Pte H Jupp of Glascote Heath
Private H Jupp from Glascote Heath served in the 2nd Royal Warwick Regiment and was wounded during WW1.
This is an incomplete piece of local WW1 research.
Private H Jupp served in the 2nd Royal Warwick Regiment, 8619, from October 1914. He was from Glascote Heath. He was named in the Tamworth Herald, 10th Oct 1914.

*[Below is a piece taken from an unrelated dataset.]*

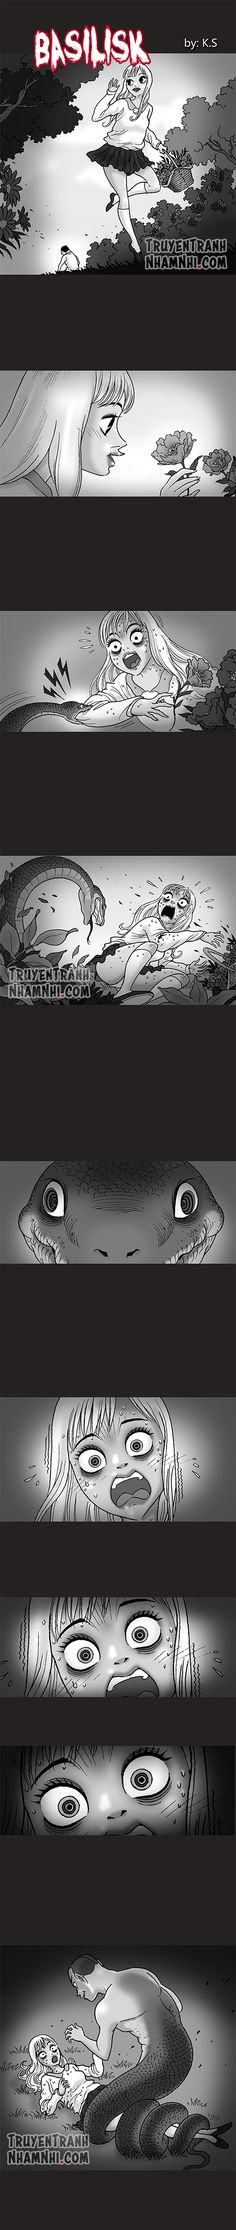 Silent Horror chap 177: Basilisk (Đứa con của rắn)

On 31st Oct the Tamworth Herald reported:
GLASCOTE HEATH MAN WOUNDED. Private H Jupp, A Company, 2nd Royal Warwickshire Regiment, senior assistant Scout Master of the Kettlebrook and Glascote troop of Boy Scouts, writing to Mr Locke, Scout Master, Kettlebrook, on Sunday, states that he is in a hospital at Boulogne. He has been slightly wounded in the thigh by a bayonet. He hopes to be well again in the course of two or three weeks, and to return to the firing line. His brother is in the next bed to him, having been wounded with shrapnel on the same day, October 21. Private H Jupp says: We had a hard fight the day I got my lot, killed hundreds of Germans; they were piling their dead in front of them for head cover. There were only about 100 yards between us and the Germans for three or four hours, but they came in such large numbers we were forced to retire. They did not pass the order along our trench, and about a company of us did not retire with the remainder; the Germans saw that so they charged our trench and this bounder caught me climbing out at the back of the trench. When I got on my feet I nearly blew his head off, but of course I had to run for it. I did not trouble about my leg. They were pinging all the time over my head. The Germans fire from their hip, and the bullets go high. The rifle fire is no good at all, but they are good with the guns and maxims.